Dimino explained that manufacturers initially thought the CRT problem would pass through the system in a year or two, but studies have found that people are hanging on to CRT monitors and TVs, using them as coffee tables or giving them to their kids. Dimino estimated that it will be six or seven years before manufacturers see a drop-off in CRTs. Based on the minimal decline in CRT recycling that ERI has seen over the past 11 years, it will be a minimum of 15 years before the CRT problem eases significantly, said John Shegerian, chairman and CEO of Electronic Recyclers International (ERI).

However states deal with the CRT problem, the issue points to a larger concern for any law governing e-waste: E-recycling laws have to allow for the fast-changing conditions of the electronics marketplace.

Five more lessons from the states

As states continue to struggle with e-waste legislation, they also continue to generate important lessons for future lawmakers. ETBC has compiled a list of lessons learned by studying the outcome of the various state programs. Among them are:

  1. Make requirements specific. You don’t collect what you don’t legally require. Texas, among others, did not specify levels of performance, and nearly half of the 78 computer companies in the state collected no e-waste at all, while “a small San Antonio company called Altex collected 92% of the volume.”
  2. Encourage rural collection. It costs less to collect e-waste in dense urban areas than in rural ones, so laws should either require rural collection specifically or incentivize it, as Minnesota has done.
  3. Ban e-waste from landfills. States that implement a landfill ban on e-waste see recycling volumes climb when the bans go into effect.
  4. Don’t let recycling discourage reuse. Laws that reward recycling more than reuse can inadvertently discourage the latter. In California, recyclers are not reimbursed for reuse, “so reusable units are mostly diverted for recycling,” said ETBC.
  5. Make the scope of collection as broad as possible. People want to bring in all the e-waste they have and are more likely to use programs that accept it all.

No Substitute for a Federal Law

States are doing what they can to deal with e-waste in the absence of federal legislation. But there are some measures only a federal statute can address. State laws often reference standards and international agreements forbidding the export of toxic e-waste to developing countries, for instance, but states lack jurisdiction over the matter. And the complicated patchwork of varying state laws makes it far more difficult and expensive for manufacturers to be good corporate citizens than would a single, coherent federal law.

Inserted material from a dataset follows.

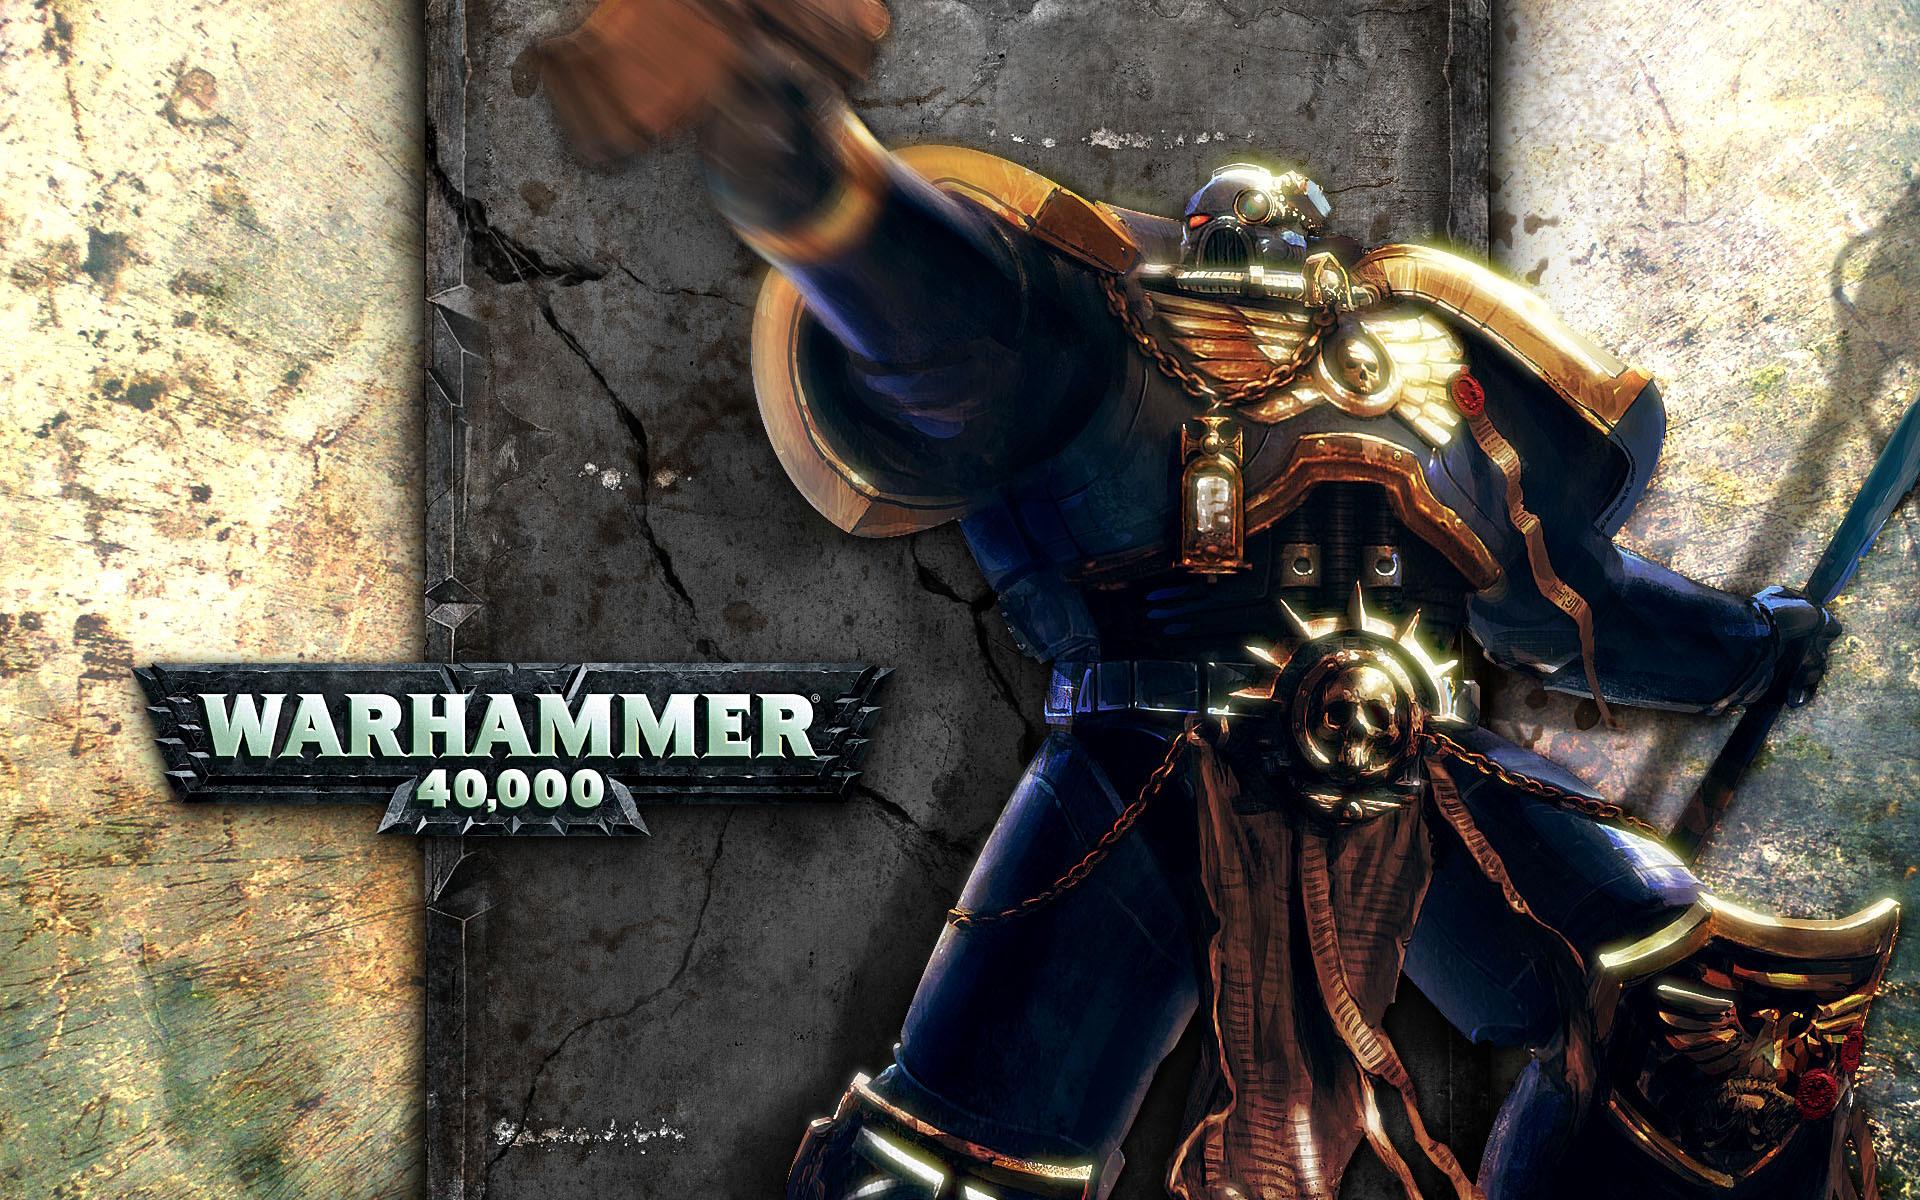 Warhammer 40k Ultramarines Space Marine wallpaper 1920x1200 112977 1920x1200

Finally, the differing state requirements provide no incentive for manufacturers to focus on greening their products, because no one state has the market heft needed to influence global companies. As Lepawsky notes, the European Union represents such a large market that its Restriction of Hazardous Substances Directive has “created a de facto global standard for electronics manufacturing, because it is more economical for manufacturers to produce all their products that are also sold in the EU to that jurisdiction’s material specifications, rather than different specifications for different markets.”

Federal legislation could jump-start dramatic progress in the reduction, reuse and recycling of e-waste.